Following the death of Pope Urban III on 20 October 1187, which was reportedly due to his hearing of Saladin's victory at the Battle of Hattin, the newly-elected Pope Gregory VIII convened with his advisors to draft an encyclical calling for another Holy Land crusade.[1] Some historians, however, have speculated that much if not all of what would become Audita tremendi had already been prepared by Urban himself before his death.[2][3]
In any case, the encyclical was first issued on 29 October 1187 and read aloud at the papal court in Ferrara.[1] Gregory subsequently put the cardinal bishop of Albano, Henry, in charge of preaching the crusade in France and Germany.[4] The pope reissued Audita tremendi with some modifications on 30 October and 3 November, whereas a fourth version of the text was sent out by Gregory's successor Clement III on 2 January 1188.[5]

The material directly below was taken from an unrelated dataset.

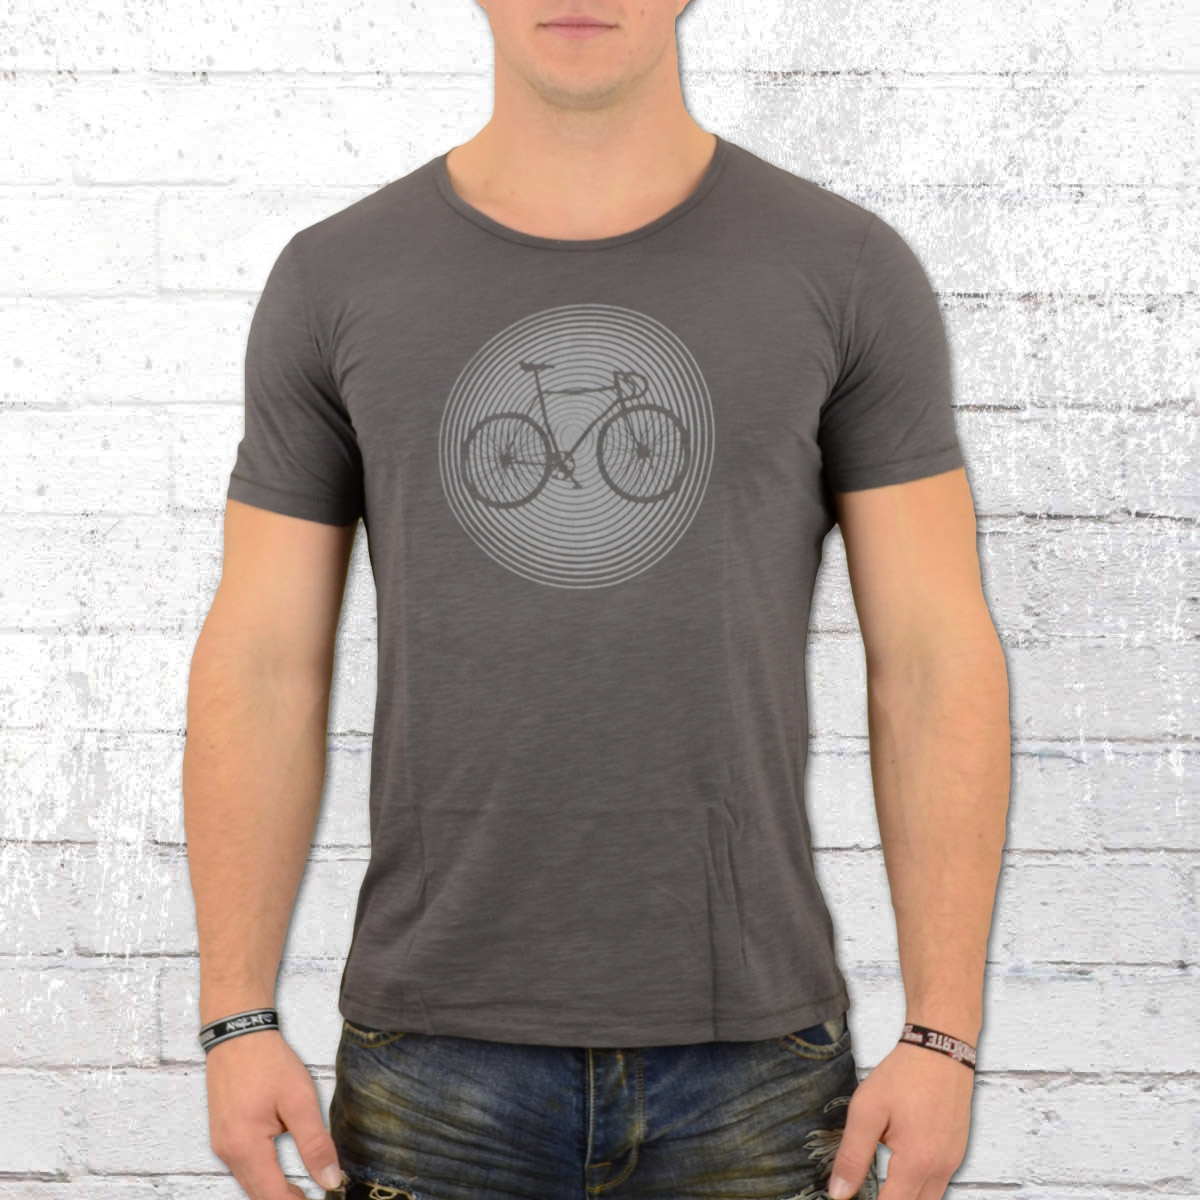 Greenbomb Herren T-Shirt Bike Circle grau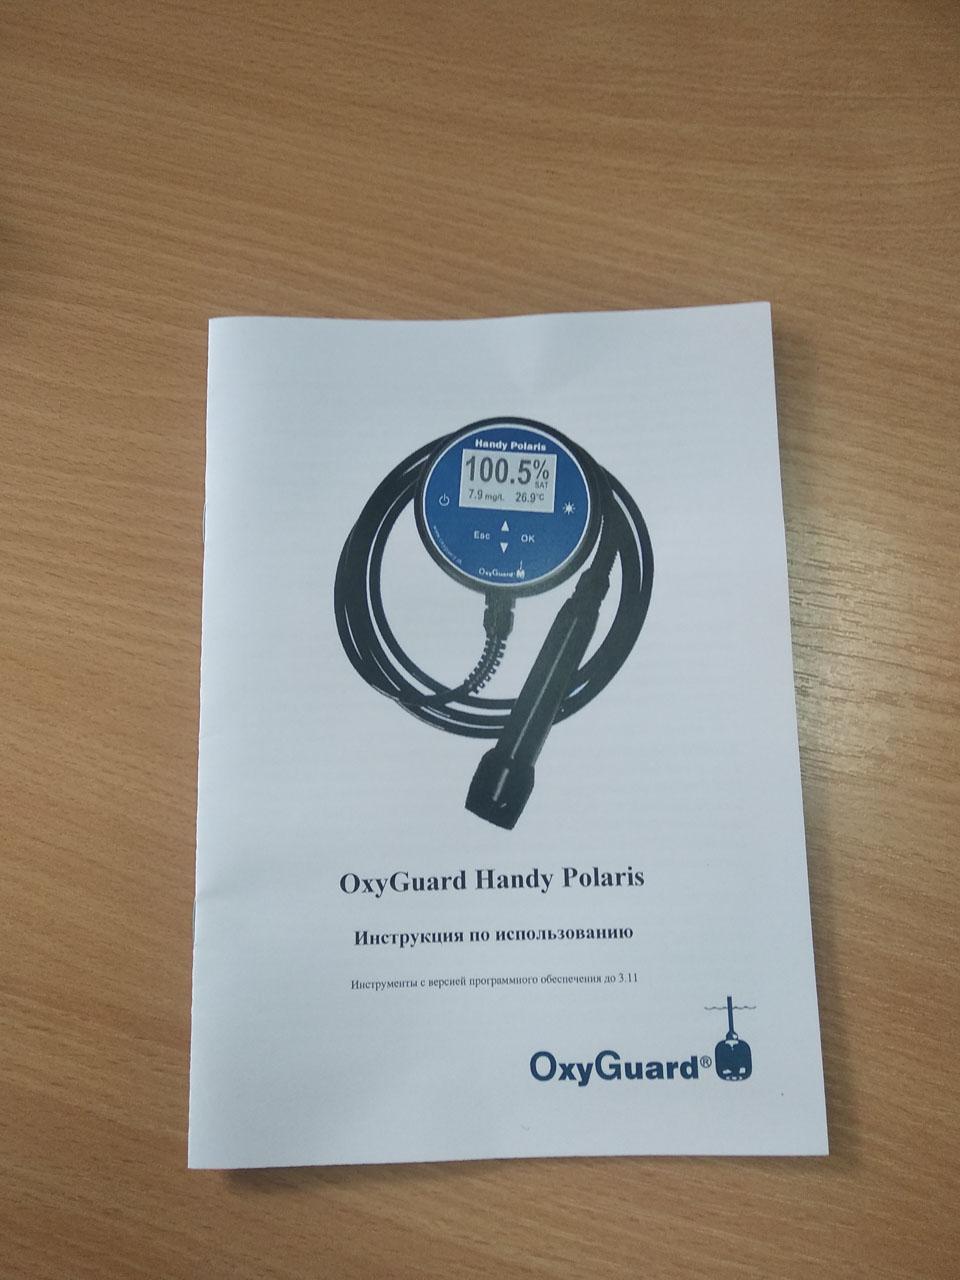 Оксиметр OxyGuard Handy Polaris

Gregory addresses "all of the faithful of Christ" in Audita tremendi.[6] In his letter, which begins with the words "Audita tremendi...", Gregory laments the Christian defeat in the Battle of Hattin on 4 July 1187,[7] which was accompanied by the execution of the Hospitallers and the Templars and the loss of the True Cross.[8] He argues that Muslims are to be seen as pagans, not Christian heretics, because, in his view, they worship a different God than the Christians and Jews.[1]
However, Gregory also attributes the Christians' recent misfortunes to the "iniquity" of the "delinquent" Crusader states.[9] He asserts that all Christians are thus obliged to participate in another crusade as a form of penance,[8] so as to "placate" God, who would otherwise have chosen to recapture the Holy Land on his own "if he so wished".[10] Moreover, Jesus Christ "taught by his own example that men should lay down their lives for their brothers."[4]
Gregory ends by promising an indulgence to all crusaders, as well as granting them immunity against legal suits and exempting them from interest on their loans.[11]
Thomas W. Smith noted that it "has long been considered the pinnacle of twelfth-century papal letters."[12] Penny J. Cole described Audita tremendi as "perhaps the most emotive of all papal bulls",[13] while Jonathan Phillips called it "the most powerful and emotive crusade bull of all".[8] According to Jessalynn Bird, Edward Peters, and James M. Powell, Audita tremendi "inspired a new generation of moral theologians to consider the needs of the Holy Land and to link these to the moral regeneration of Christian Europe, one of the great themes of twelfth- and thirteenth-century history."[1]